Results delivered in a timely fashion, even if the product of a process is not followed step-by-step, are preferred over results delivered too late, but the product of a process vs followed step-by-step. Americans, both as customers and suppliers, can “sleep at night” with the so-called 80%-solution, as long as the missing 20% is compensated by the advantage of speed, responsiveness or price (cost).

When to deviate: Americans are quick to deviate from steps within a process or procedure if: it does not add value, does not help, does not move their work forward; external forces demand it, such as schedule, budget or customer demands; after getting input from experienced colleagues and/or permission from their team lead or process owner; and as long as the deviation conforms (compliant) with laws and regulations.

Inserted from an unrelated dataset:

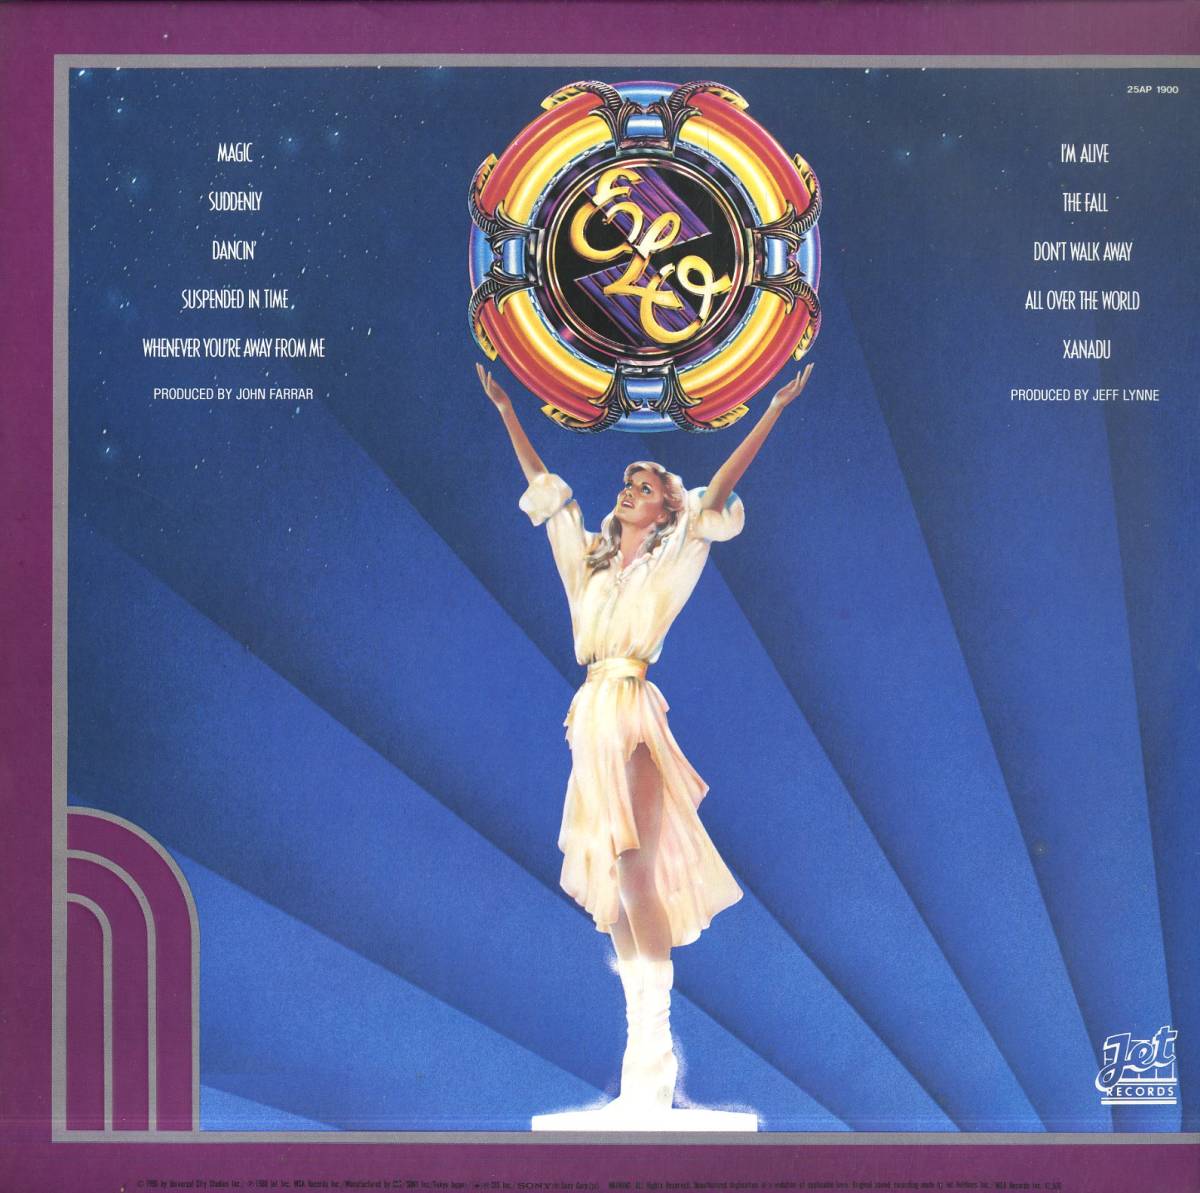 A00561964/LP/ELO / オリビア・ニュートン・ジョン「ザナドゥ Xanadu OST (1980年・25AP-1900・ディスコ・DISCO・シンセポップ)」_画像2

Americans speak of taking a down and dirty approach, of doing whatever it takes to get the job done, of being pragmatic.

Flexibilität

The German dictionary Duden defines Flexibilität (flexibility) as: flexible property, quality, composition, character; bendability, pliability; the ability to adjust, adapt, conform.

Synonyms: Wendigkeit agility, maneuverability, mobility; Nachgiebigkeit compliance, softness, resilience, yielding; Geschmedigkeit malleability, litheness, limberness.

East meets West

In October 1990 the two Germanies were reunited. East Germany became a part of West Germany. Most of what the East Germans were familiar with disappeared overnight.

Social rules, attitudes and opinions, cultural life, recreational habits, all of these began to change. East Germans had to adapt to a German spoken differently. People greeted each other with a „Hi!“. They ate chicken wings instead of broilers. Pepsi and Coca Cola was substituted for the East German Club-Cola. Colleagues worked in teams instead of in collectives.

East Germans had to quickly adjust. They had to become wary of shifty West German „deal-makers.“ Appliances, machines, automobiles, telephones, etc. worked differently, were confusing. An entire society of over 17 million people had to suddenly adjust to the rules of another society.

The change was difficult and confusing for the East Germans. In every sense of the word they were at a disadvantage over and against their new fellow German citizens. The rules – the processes – were not theirs, not East German. They were West German.

Max Weber – Bureaucracy

Ever heard of Max Weber (1864-1920)? He was a German sociologist, historian, jurist and political economist. Weber is among the most important theorists on the development of modern Western society. He saw himself not as a sociologist, but as an historian. What did Weber write about bureaucracy:

That it constitutes the most efficient and rational way to organize human activity. Bureaucracy means systematic processes and organized hierarchies, which are necessary to: maintain order, maximize efficiency, and eliminate favoritism.